The mechanisms for modulation of GI motility by PARs are also very complex, involving multiple pathways (Figure 2). Primarily, PAR1, PAR2 and PAR4 present in muscular cells are considered to mediate the contractile activity of agonists for each receptor in the GI smooth muscle. Activation of the Gq/11-phospholipase Cβ pathway following activation of each PAR should play a central role in causing smooth muscle contraction (Kawabata, 2002; Mule et al., 2002b; Ossovskaya and Bunnett, 2004; Hollenberg, 2005). In some GI preparations, however, endogenous prostanoids formed by activation of PAR might contribute to the evoked muscular constriction through autocrine and/or paracrine mechanisms (Saifeddine et al., 1996; Zheng et al., 1998; Sekiguchi et al., 2006).
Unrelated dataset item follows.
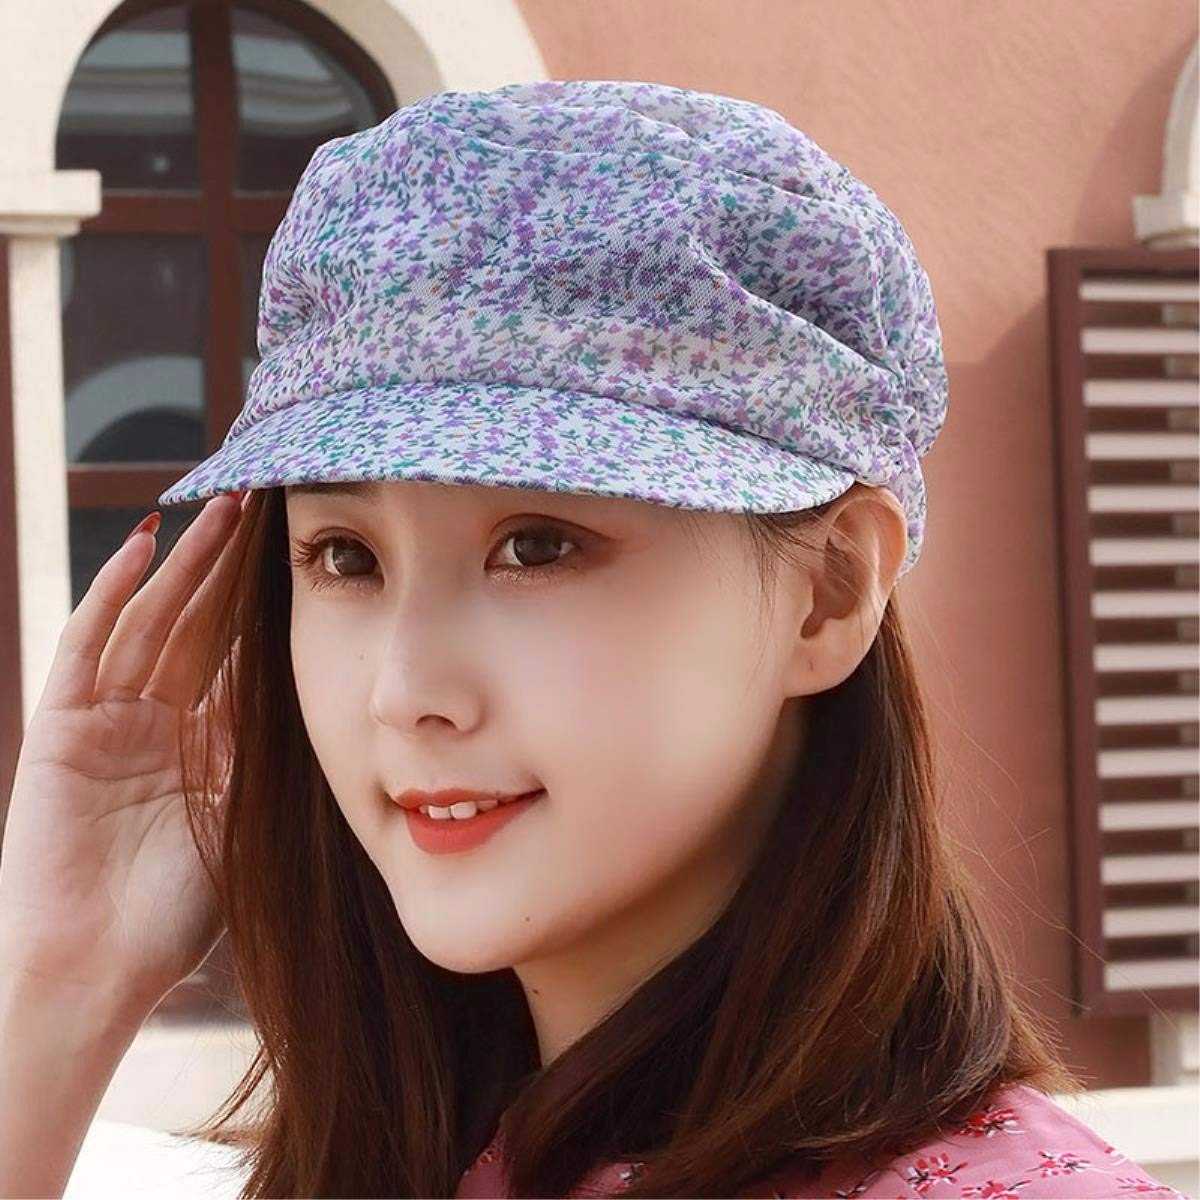 D BRNEBN Female spring and summer cap flat top hat stylish visor outdoor alpine hat CLOTH HAT
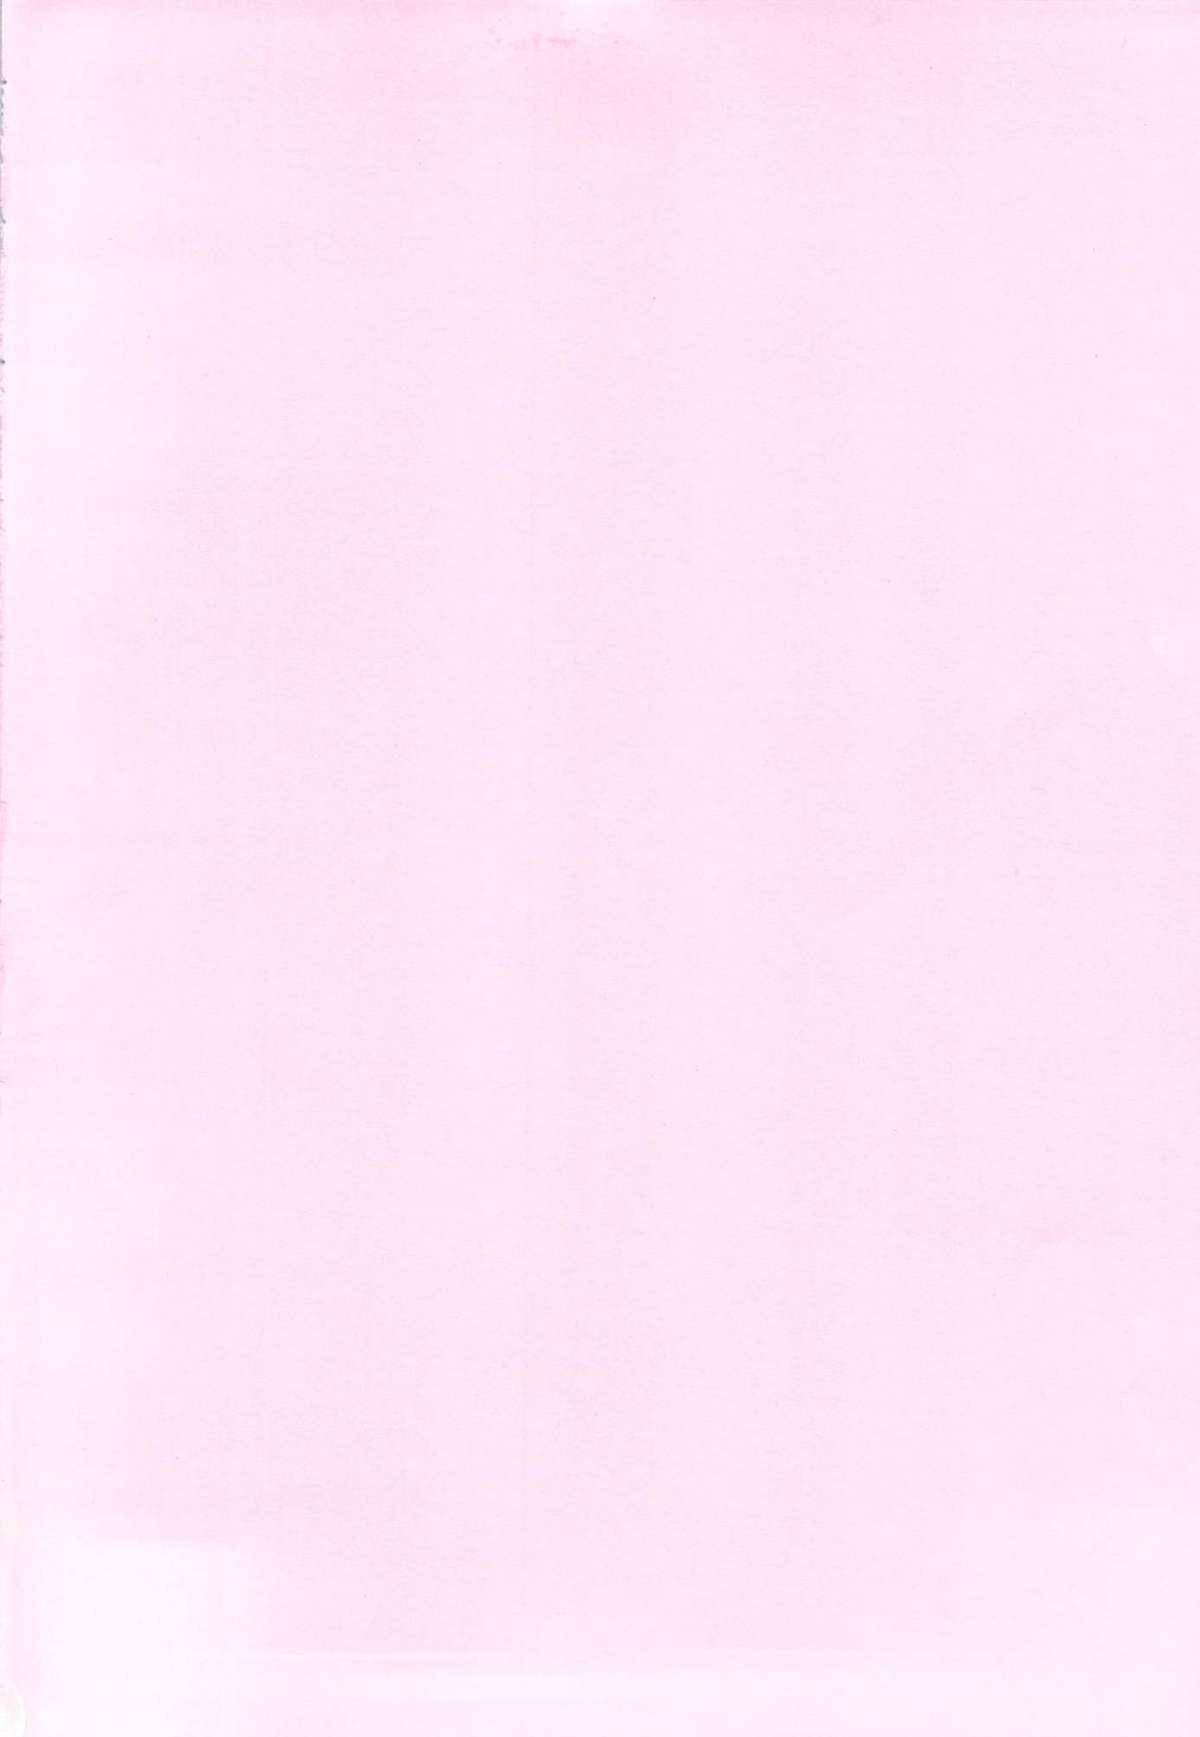 Bou Yuumei Koukou Joshi Toilet Tousatsu 2-jigen Bishoujo Hen Vol. 4 0

Further, involvement of sensory neurons has also been suggested in the contractile activity of PAR agonists in certain regions of the GI tract (Mule et al., 2003, 2004; Zhao and Shea-Donohue, 2003; Sekiguchi et al., 2006). The relaxant activity of PAR agonists in mouse gastric and rat duodenal and colonic smooth muscle segments is predominantly attributable to activation of apamin-sensitive K+ channels, that is, small-conductance Ca2+-activated K+ channels (Cocks et al., 1999b; Kawabata et al., 1999a; Mule et al., 2002a; Sekiguchi et al., 2006). The accelerated GI transit by agonists for PAR2 and PAR1 is also further enhanced by pretreatment with apamin, suggesting dual roles (suppression and excitation) of these receptors in regulation of GI motility in vivo (Kawabata et al., 2001c). However, other unknown mechanisms should also be involved in the relaxant effects of PAR agonists in the GI tract, since apamin exerts partial and no inhibition of the PAR-mediated relaxation in some intestinal preparations and rat oesophagenal muscular segments, respectively (Kawabata et al., 2000a; Mule et al., 2003; Sekiguchi et al., 2006). Physiological and pathological significance of these complex mechanisms for PAR modulation of GI smooth muscle motility has yet to be investigated.

image

Figure 2. Mechanisms for regulation of GI smooth muscle motility by PARs. [Ca2+]in, intracellular (cytosolic) Ca2+ concentration; NKs, neurokinins; PGs, prostaglandins; NK2, neurokinin NK2 receptor; G, G protein; GI, gastrointestinal.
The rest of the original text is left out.